- **MATERIAL FOR THE TASK**:
# # # # #

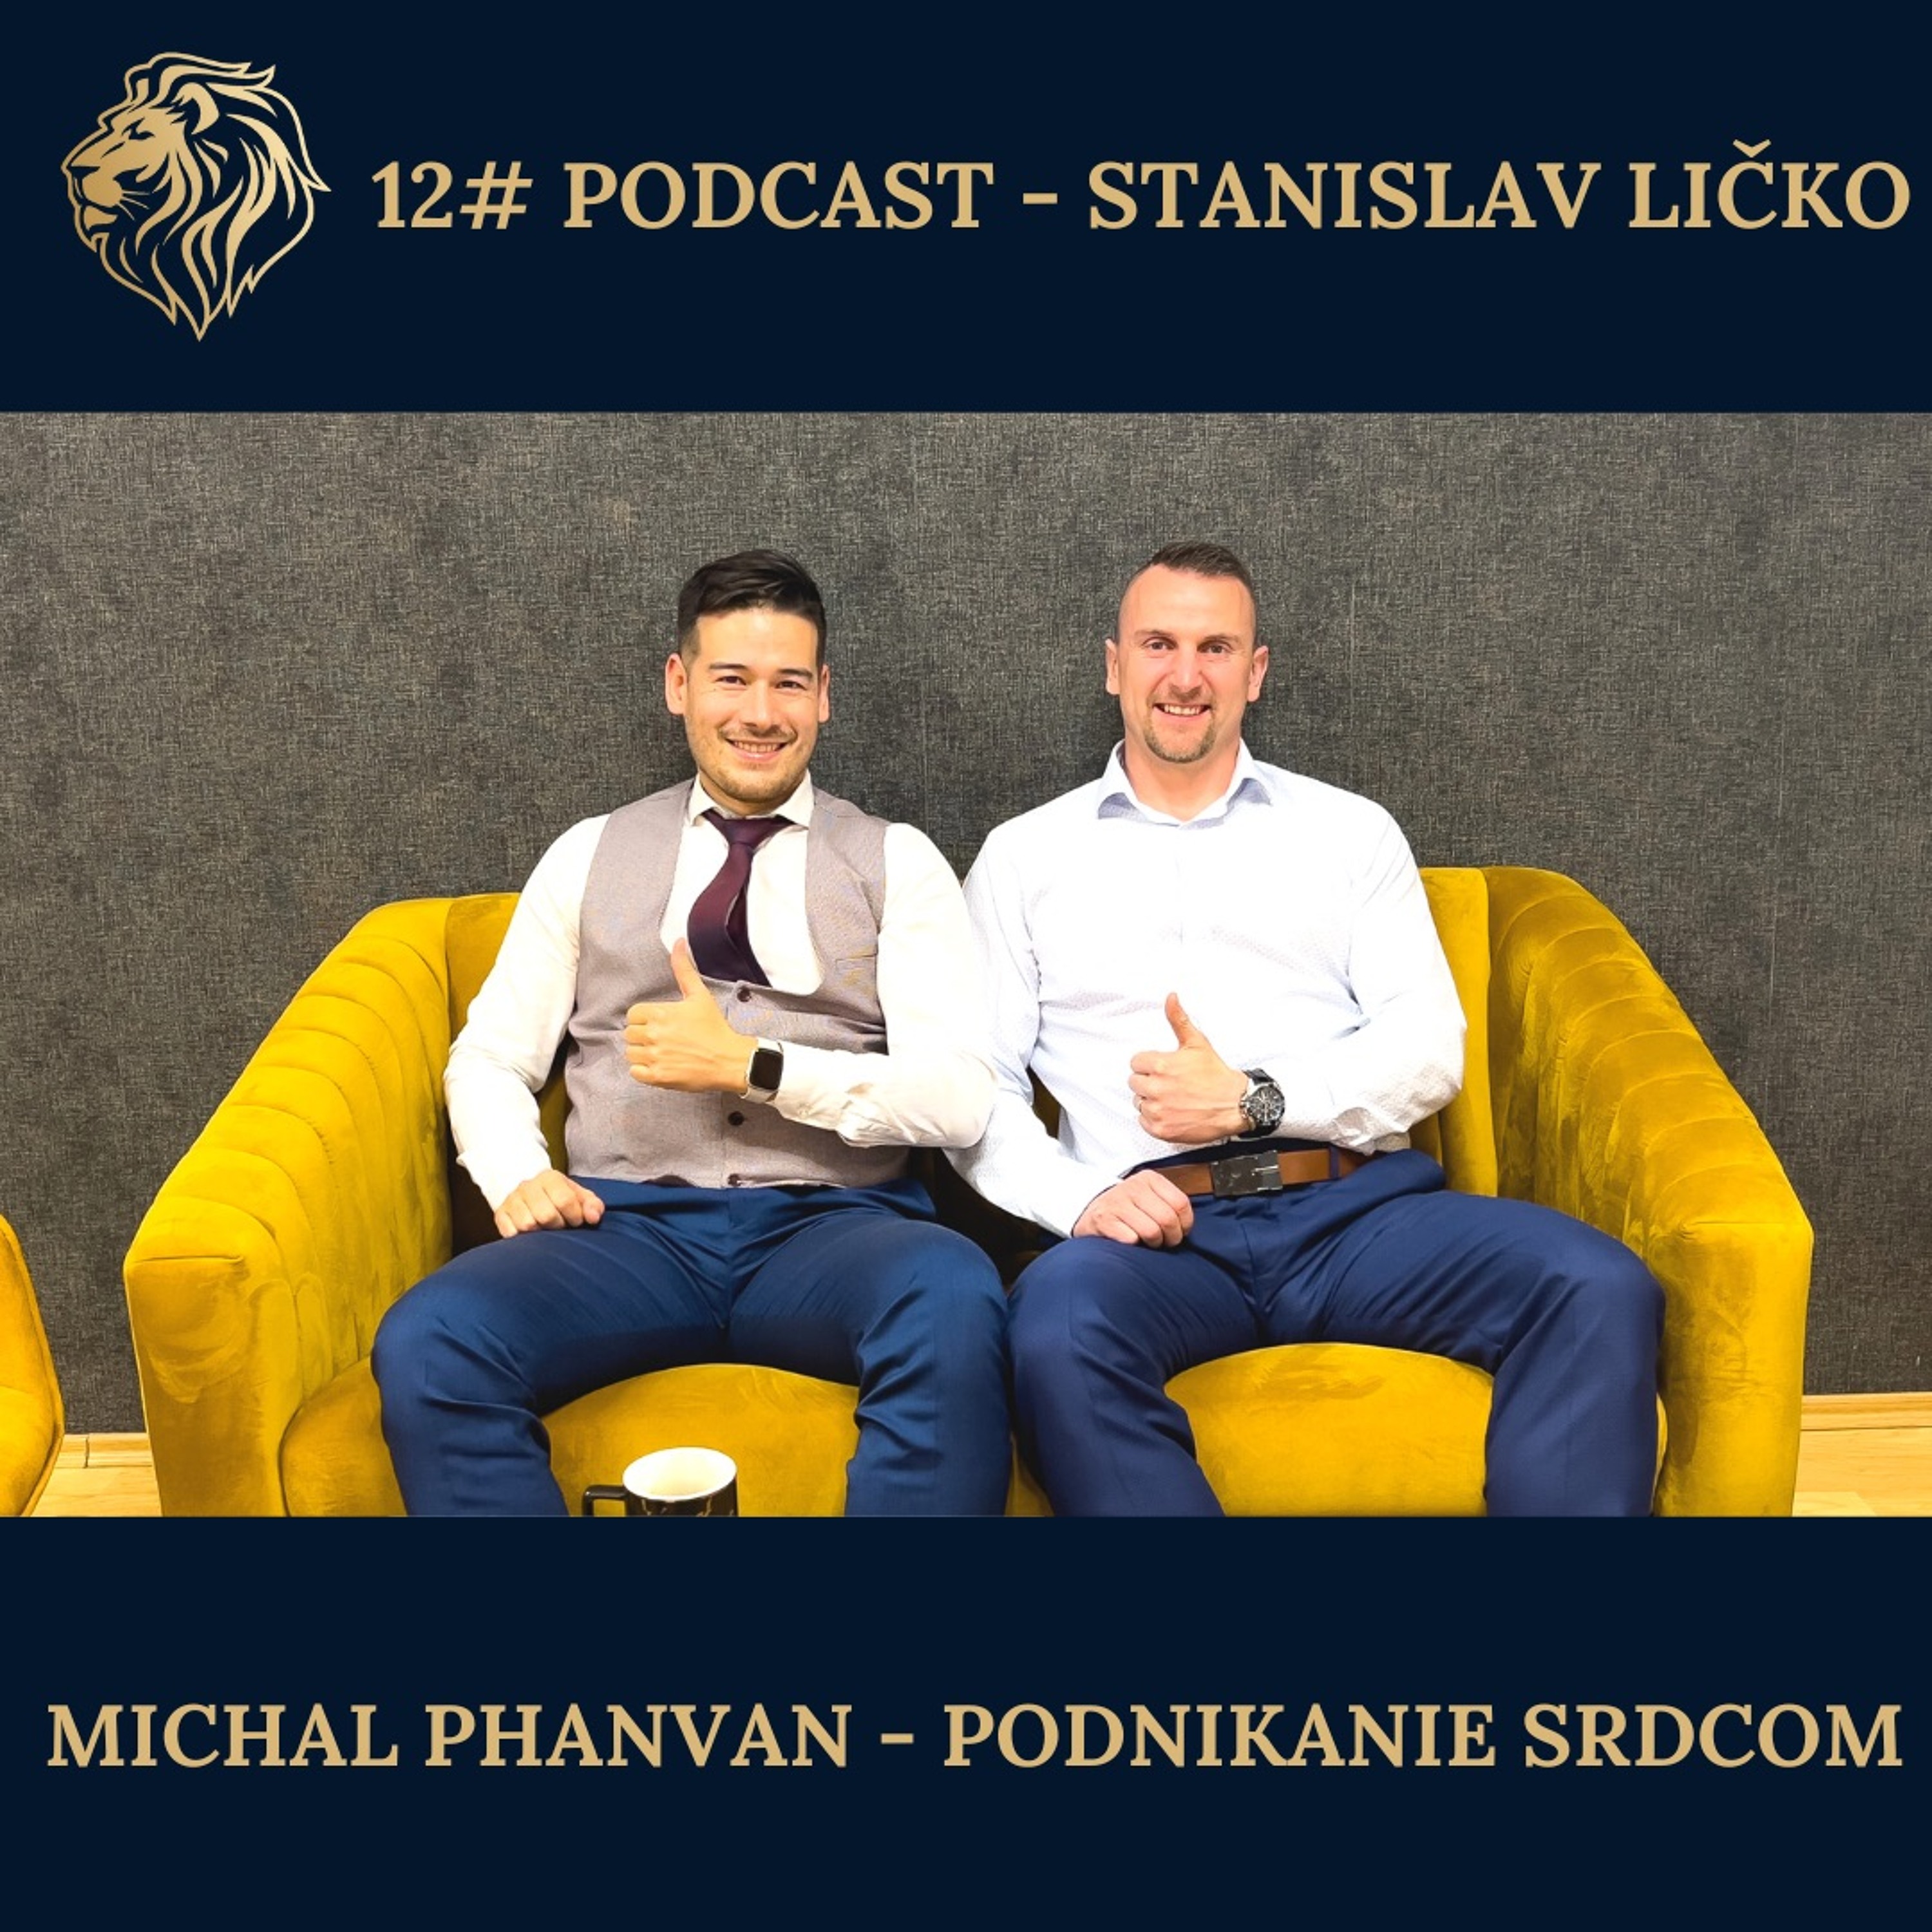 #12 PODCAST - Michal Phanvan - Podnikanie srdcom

# # # # #

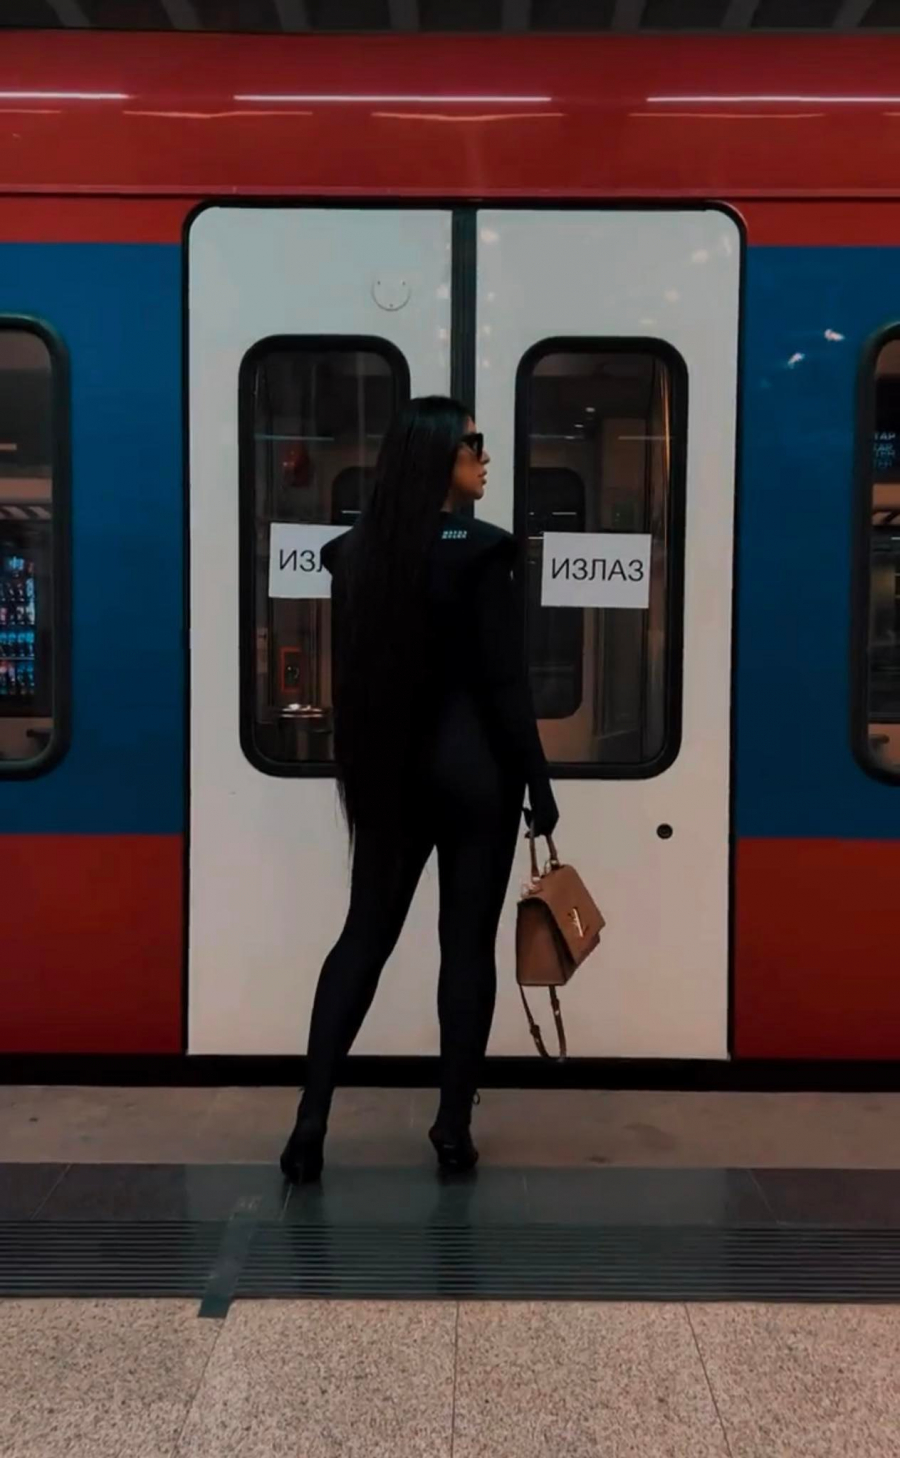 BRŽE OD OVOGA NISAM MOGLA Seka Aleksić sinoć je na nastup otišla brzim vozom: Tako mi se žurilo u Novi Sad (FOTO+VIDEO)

# # # # #

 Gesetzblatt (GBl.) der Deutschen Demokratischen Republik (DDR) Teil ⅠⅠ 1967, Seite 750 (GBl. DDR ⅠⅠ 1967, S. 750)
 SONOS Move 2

# # # # #

Using the listing above, return word for word each line from the one that has "Gesetzblatt (GBl.) der" through the one that has "SONOS Move 2", and no line outside that range.

 Gesetzblatt (GBl.) der Deutschen Demokratischen Republik (DDR) Teil ⅠⅠ 1967, Seite 750 (GBl. DDR ⅠⅠ 1967, S. 750)
 SONOS Move 2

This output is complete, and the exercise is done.